When you reach the line containing "Eid al-Fitr Wishes" in the entries below, start writing out each line exactly, and stop after the line containing "A high-angle shot".

§ **Record set**
-.-.-
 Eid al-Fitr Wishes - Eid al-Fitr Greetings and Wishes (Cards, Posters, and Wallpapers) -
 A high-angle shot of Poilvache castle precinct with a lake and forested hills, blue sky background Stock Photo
-.-.-
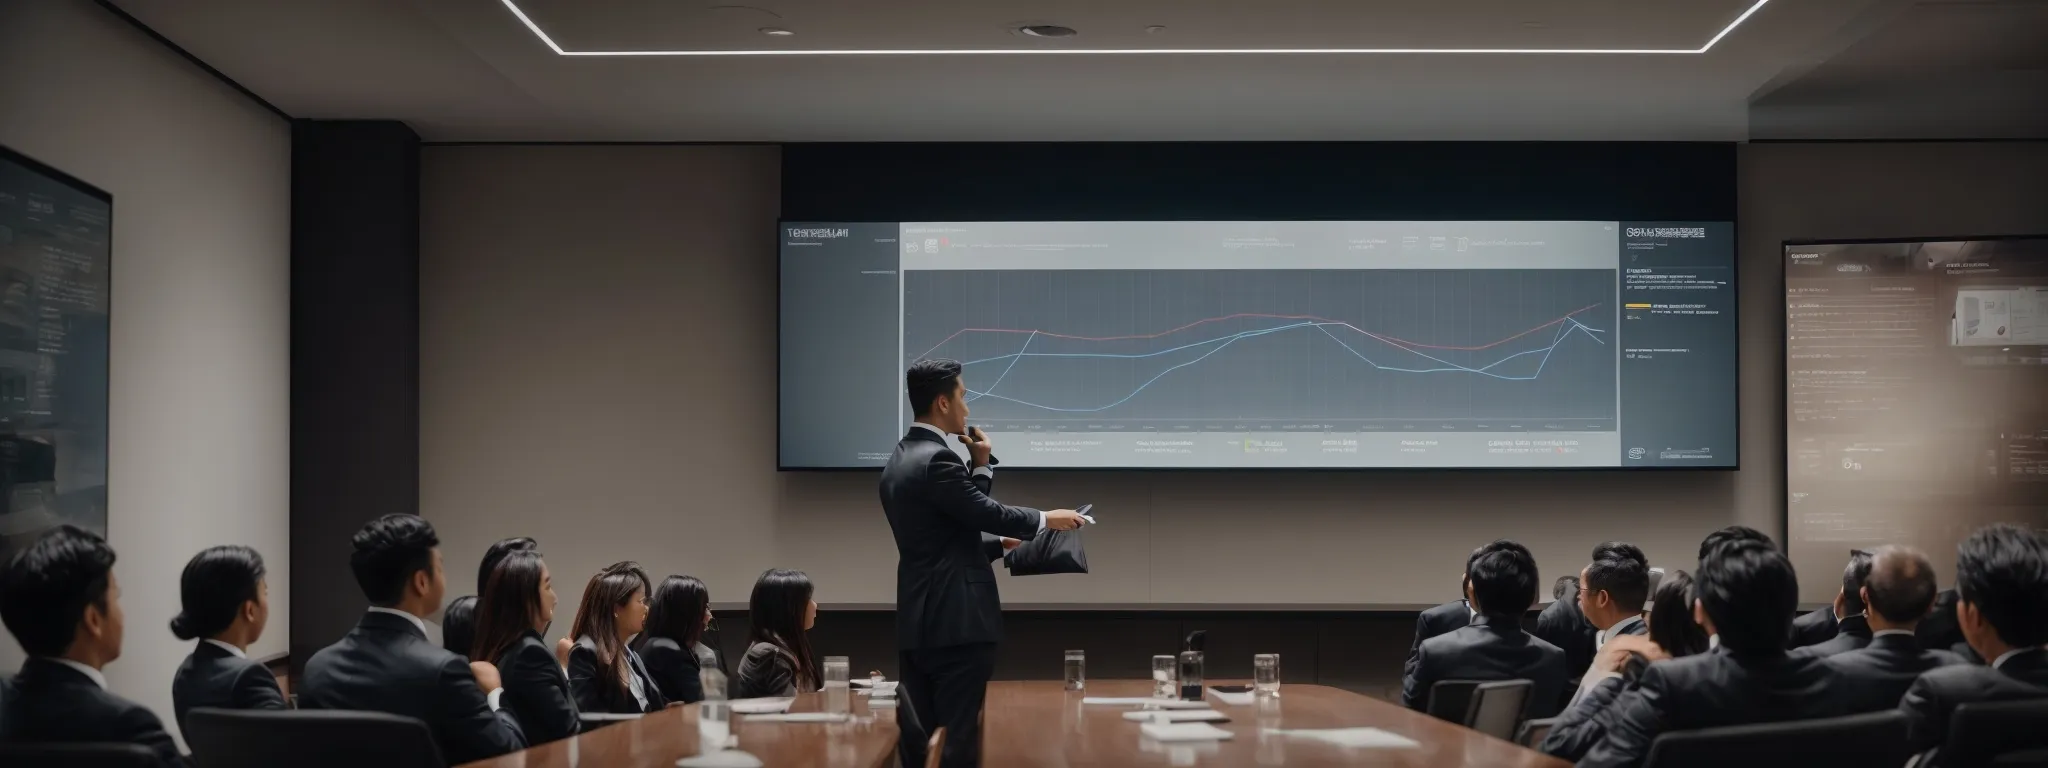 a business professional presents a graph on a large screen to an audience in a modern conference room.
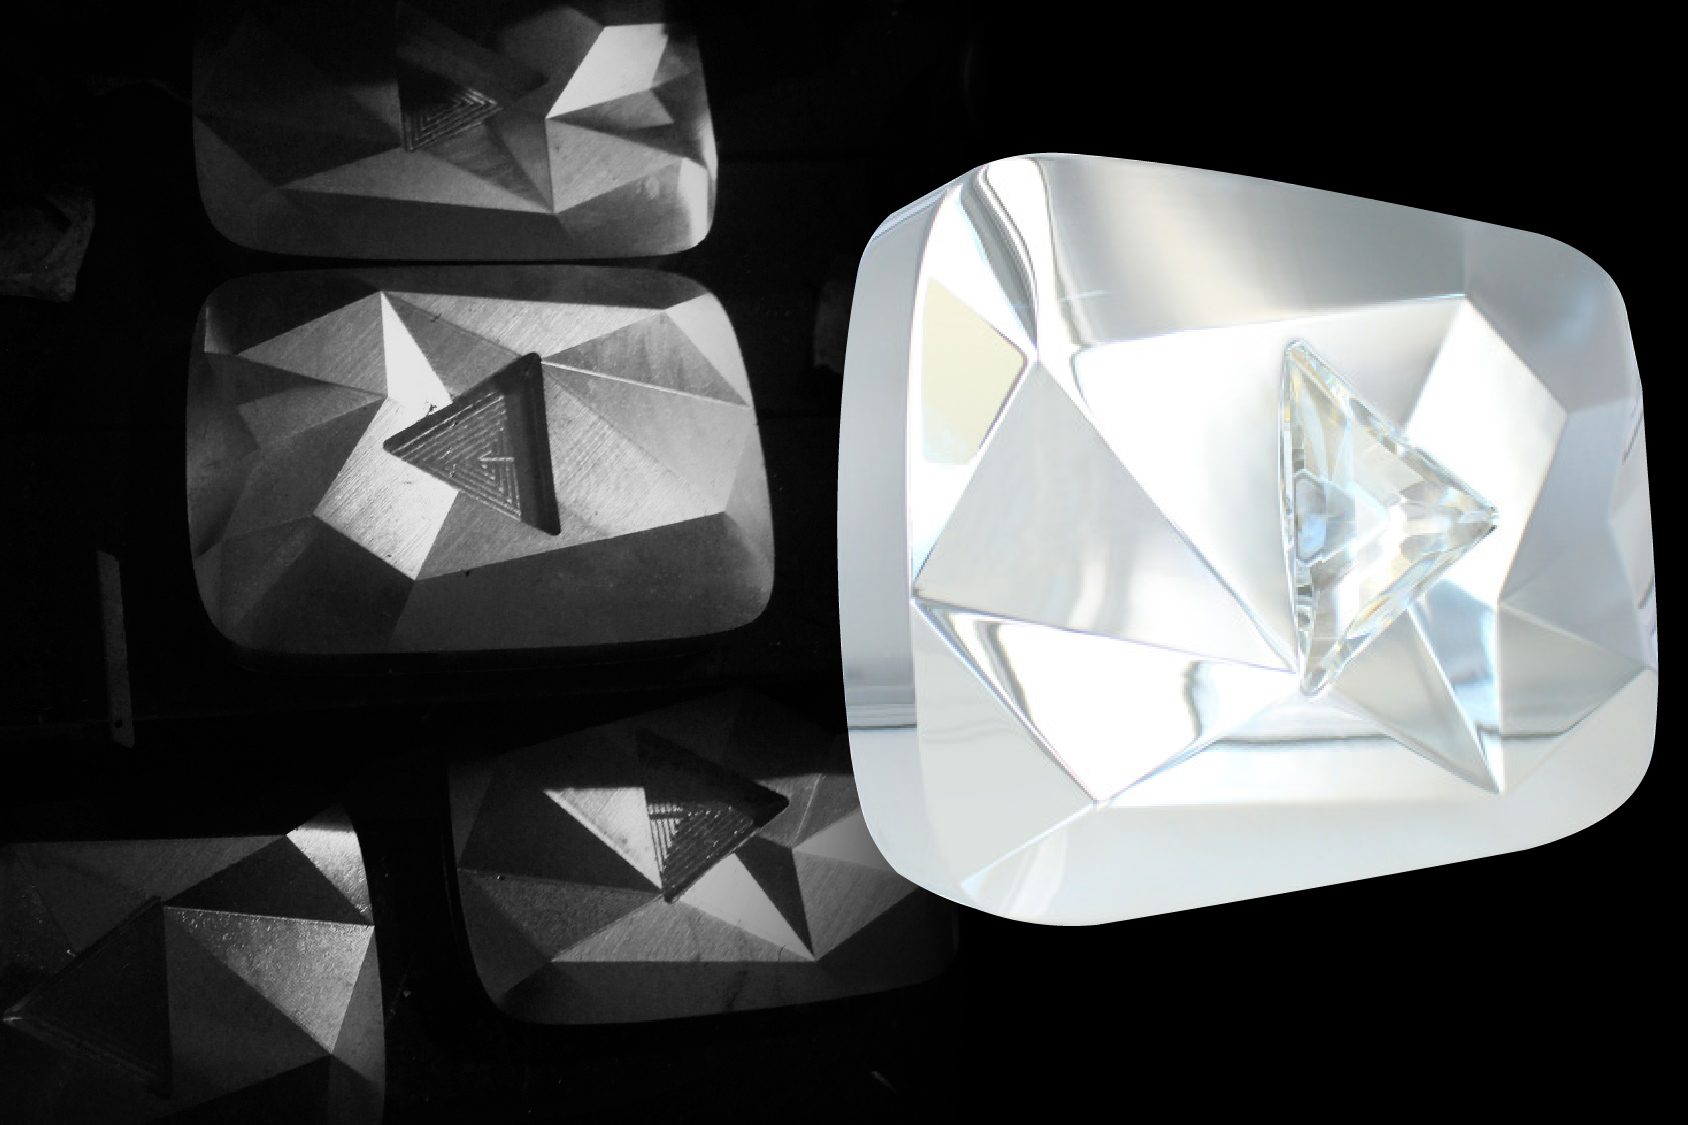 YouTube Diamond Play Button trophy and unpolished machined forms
-.-.-
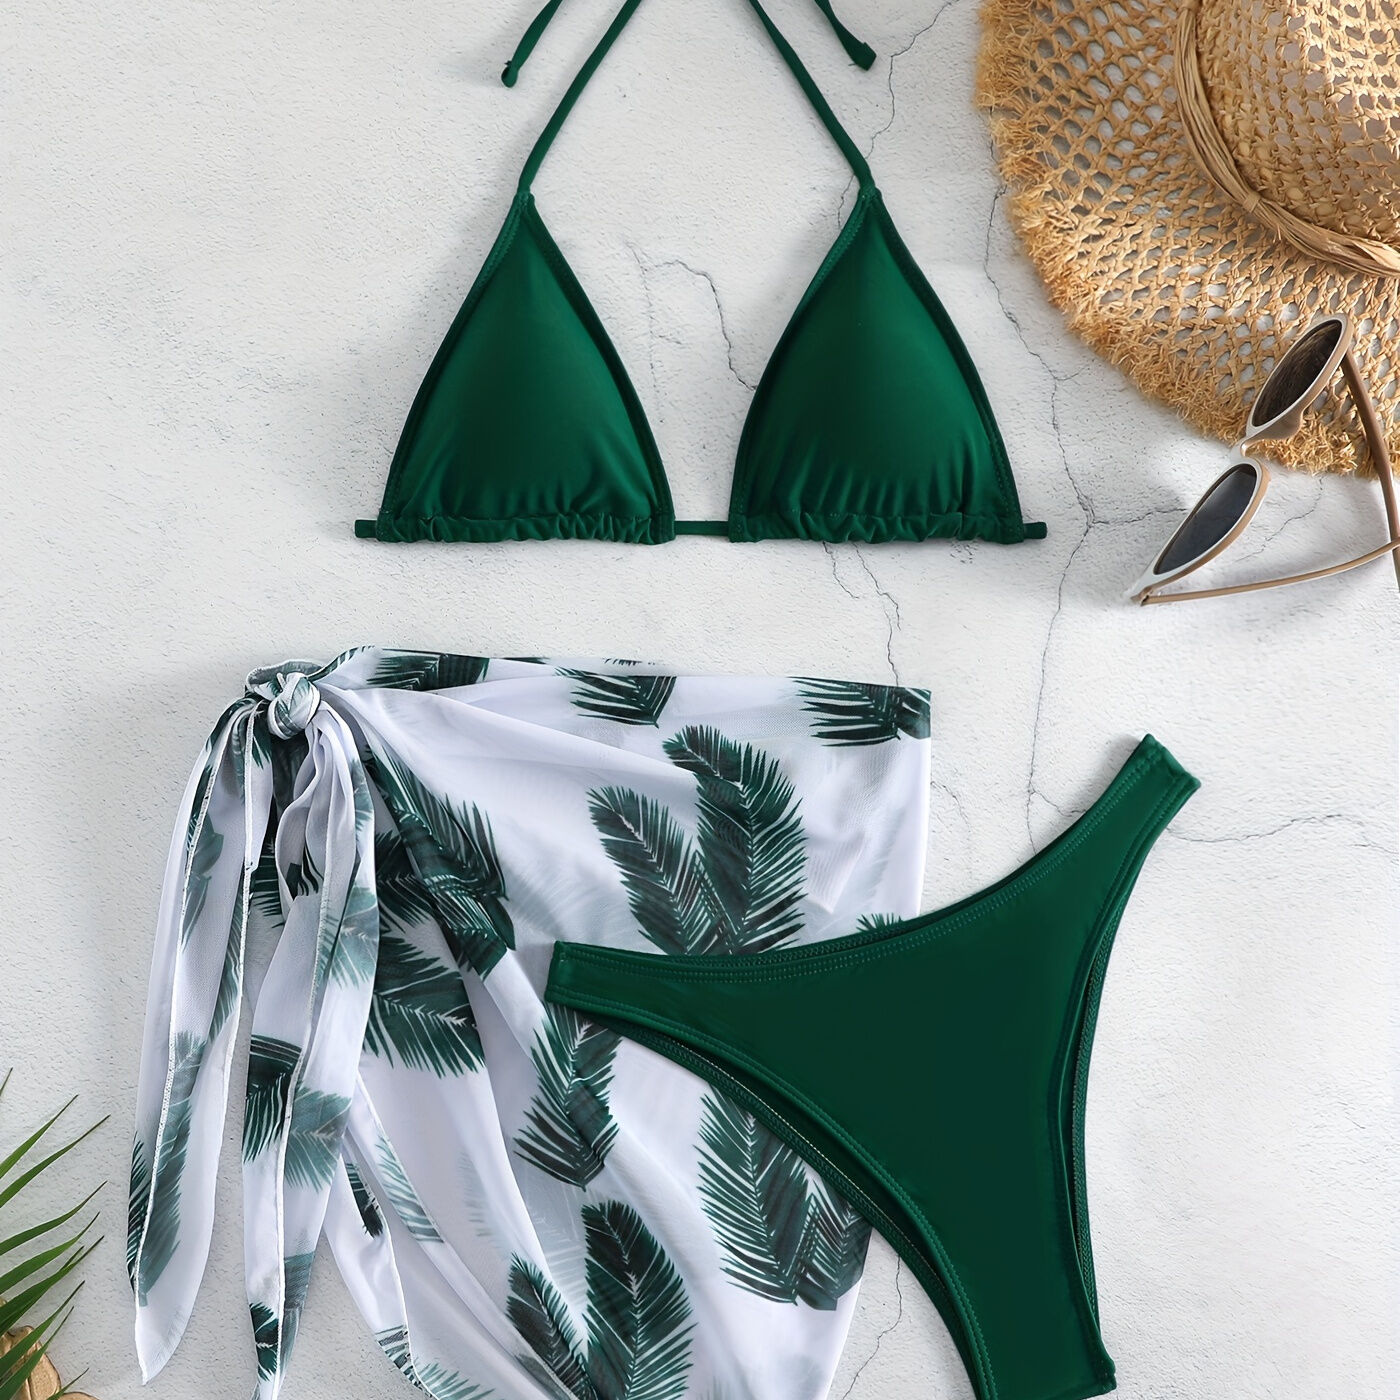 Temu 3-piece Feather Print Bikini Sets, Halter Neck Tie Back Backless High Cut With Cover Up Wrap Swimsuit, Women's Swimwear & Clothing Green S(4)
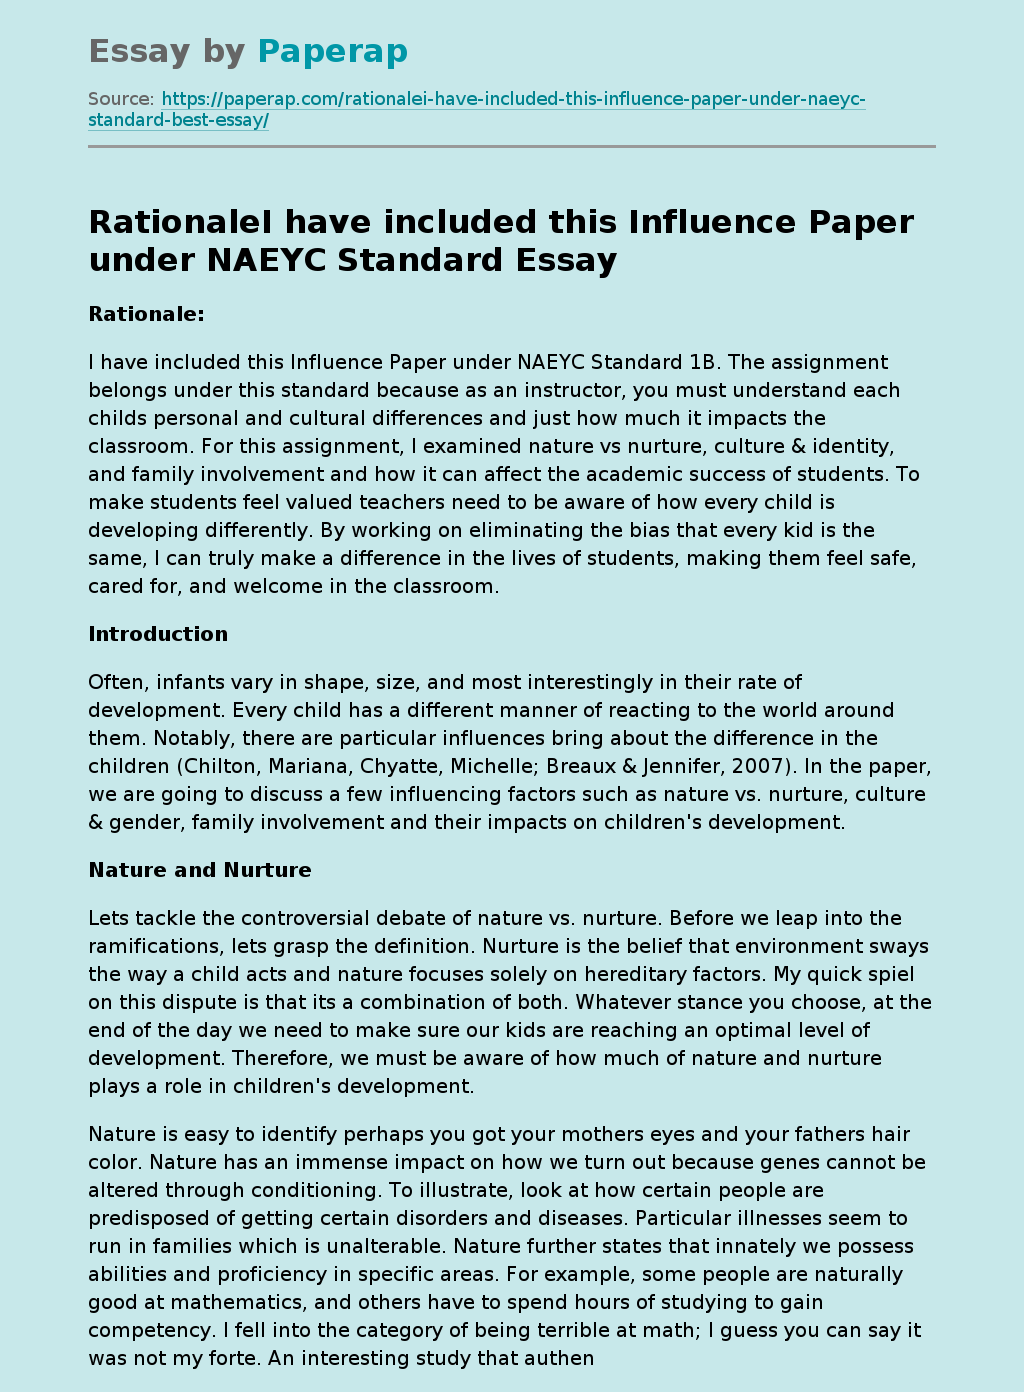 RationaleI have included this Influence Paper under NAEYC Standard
-.-.-
§ **Answer to this task**
 Eid al-Fitr Wishes - Eid al-Fitr Greetings and Wishes (Cards, Posters, and Wallpapers) -
 A high-angle shot of Poilvache castle precinct with a lake and forested hills, blue sky background Stock Photo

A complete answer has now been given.